It’s a pivotal year for District 4 voters as they decide who will represent the city’s north side on the San Jose City Council.
The winner will have a big say in determining how the district addresses its challenging housing and traffic issues, and shaping the transit village that will surround the Berryessa BART station (presuming it actually opens sometime this decade). District 4’s success is critical to the city’s overall health because 70 percent of San Jose’s sales tax revenues are generated there.
Fortunately for voters, the District 4 field of four candidates is the strongest in at least a decade.
Incumbent Lan Diep’s experience, his support for Mayor Sam Liccardo’s agenda and his ability to balance the needs of the district’s residents and businesses set him apart from his challengers. Voters should reelect him in 2020.
Diep is the least-programmed member on the council. His thoughtful approach often leaves people with the impression that he is a policy wonk. But his entire life has been built around diving into difficult issues with the intent of helping others. After graduating from Independence High School and becoming an attorney, he worked to help victims of the BP oil spill pursue their claims and then assisted low-income Vietnamese-Americans on wage-theft issues.

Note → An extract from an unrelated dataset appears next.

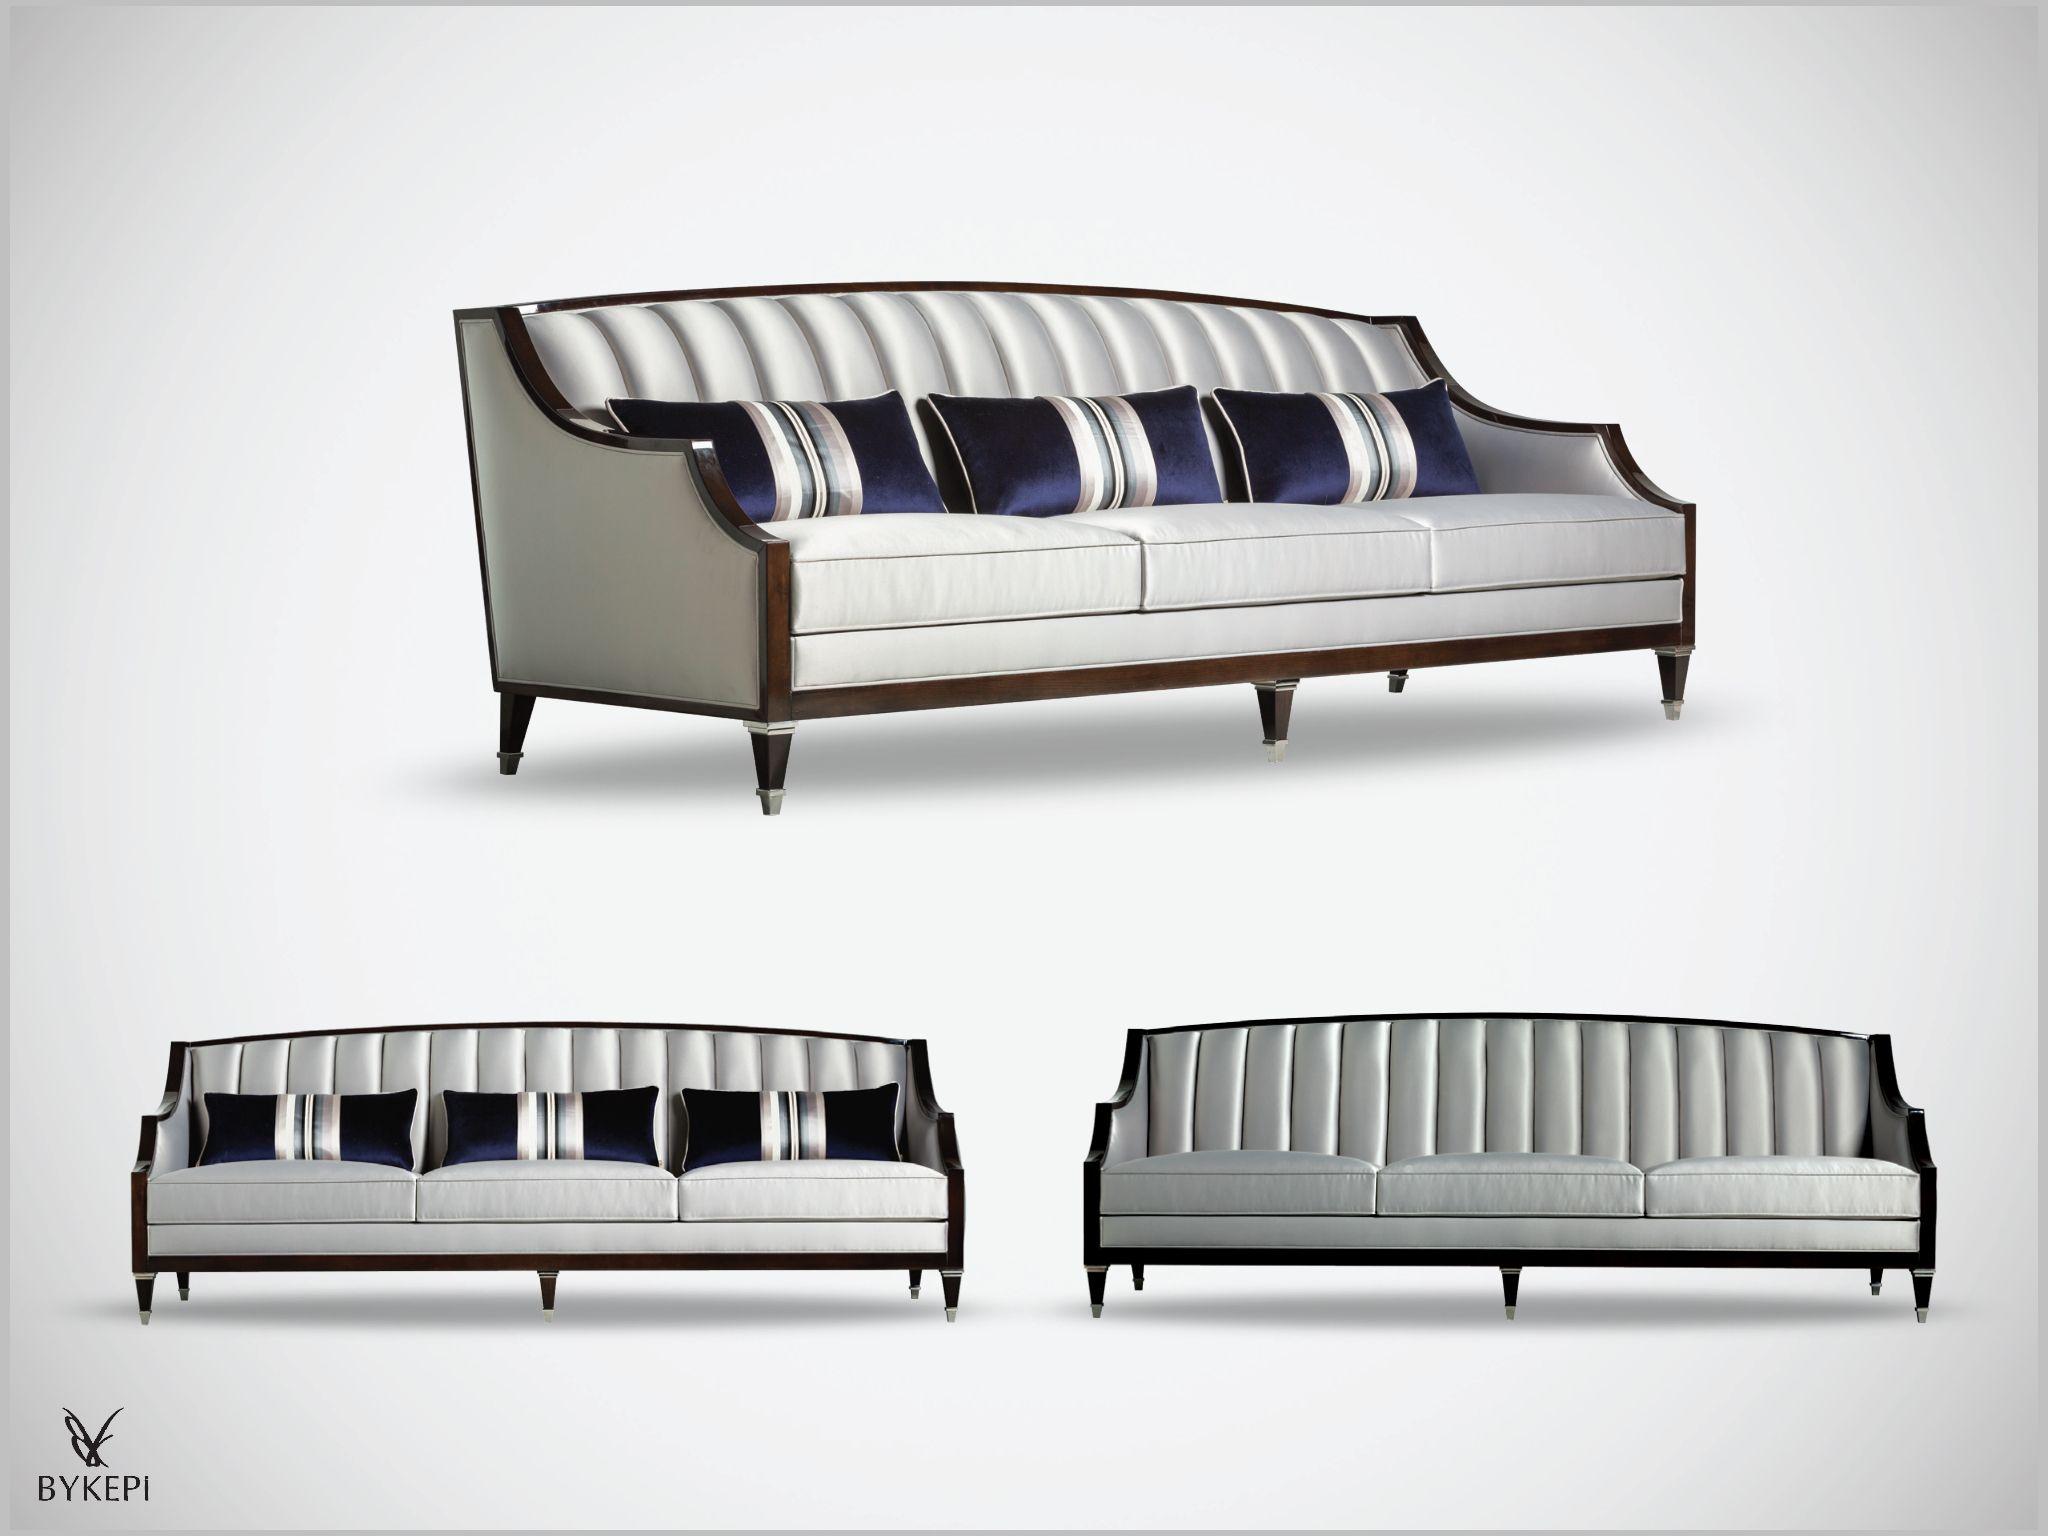 Bykepi Viento Sofas Mobilya Dekor Furniture

Diep wants another four years in office to help the district navigate the complex land-use issues that are key to alleviating the city’s housing crisis. His goal is “to build a San Jose for our children and grandchildren.”

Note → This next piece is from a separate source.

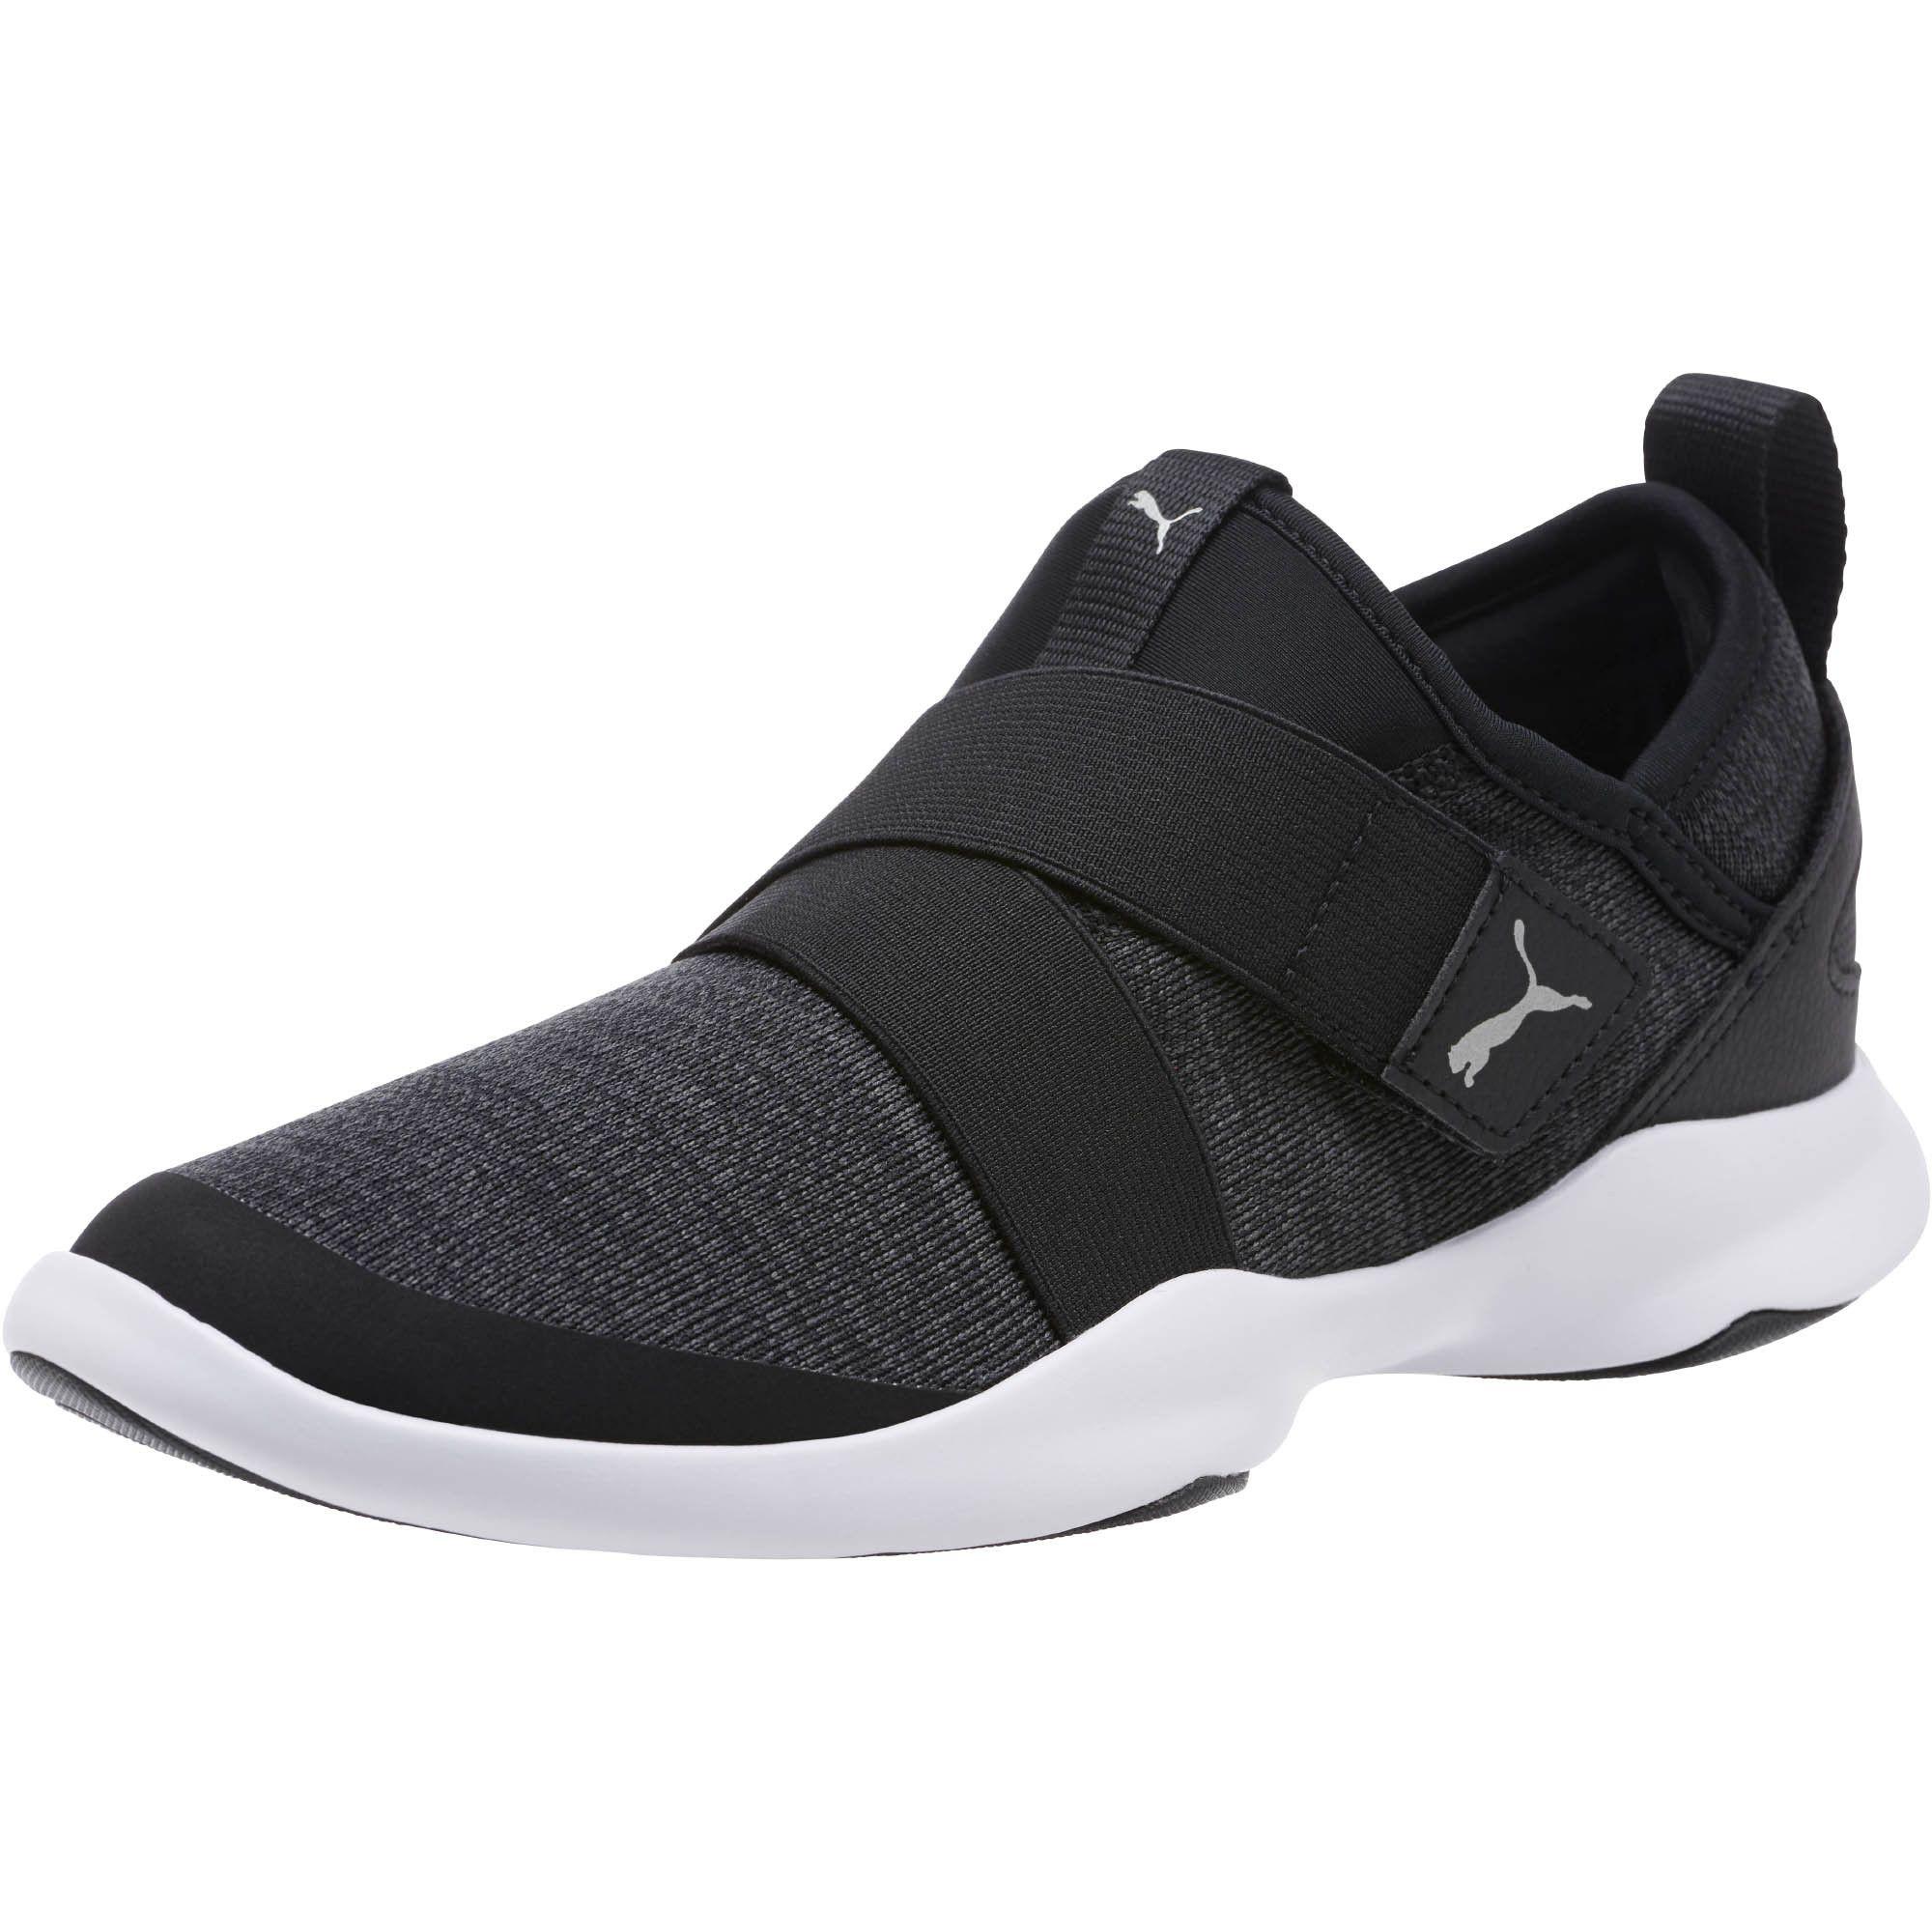 30f8e7ef63f3 Puma Dare AC Sneakers in 2019

Building affordable housing isn’t as simple as his opponents would like residents to believe. The notion that merely holding developers’ feet to the fire will yield waves of new units only leads to further stalling of urgently needed projects. Diep’s support for Liccardo’s multi-pronged housing strategy gives District 4 and San Jose the best chance of meeting the city’s long-term needs.
As a solid Liccardo ally, Diep’s election would also help prevent labor from gaining a majority on the City Council. Diep’s strongest challengers — David Cohen and Huy Tran — have both been endorsed by the South Bay Labor Council, which frequently opposes the mayor’s initiatives.

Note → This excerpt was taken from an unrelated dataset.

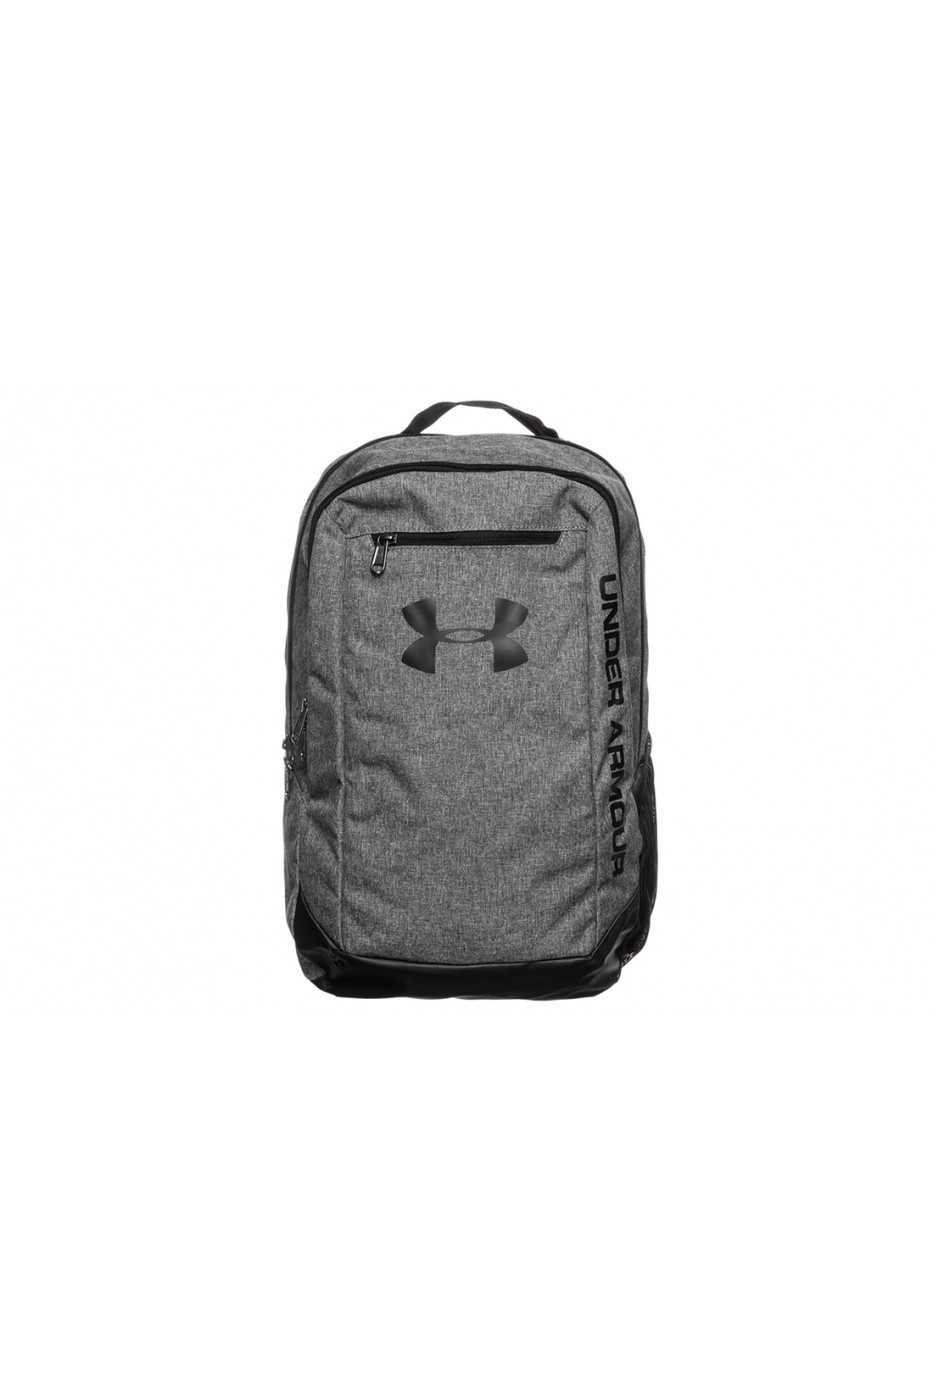 b280a36e651c Rucsac pentru barbati Under Armour UA Hustle Backpack LDWR 1273274-041

Cohen and Tran are well-versed on District 4 issues and have the experience necessary to make them solid candidates.
Cohen has been a respected member of the Berryessa Union School District board for 13 years and also served on the San Jose Library Commission from 2001-7. He articulates a more moderate position than Tran, who toes the line on labor issues. Tran served as the District 4 representative on the San Jose Housing and Community Development Commission from 2017-9 and has been a force for creating wage-theft ordinances in the region.
The other challenger in the District 4 race is 32-year-old Jamal Khan, who does not have the funding, political backing or experience to be considered a serious candidate but shows potential as a future leader. Khan was valedictorian of his Independence High School class and earned a law degree from Harvard University. He has a firm grasp of the issues, and we hope he stays active in San Jose politics.
Diep is the best choice of the strong field. We recommend him.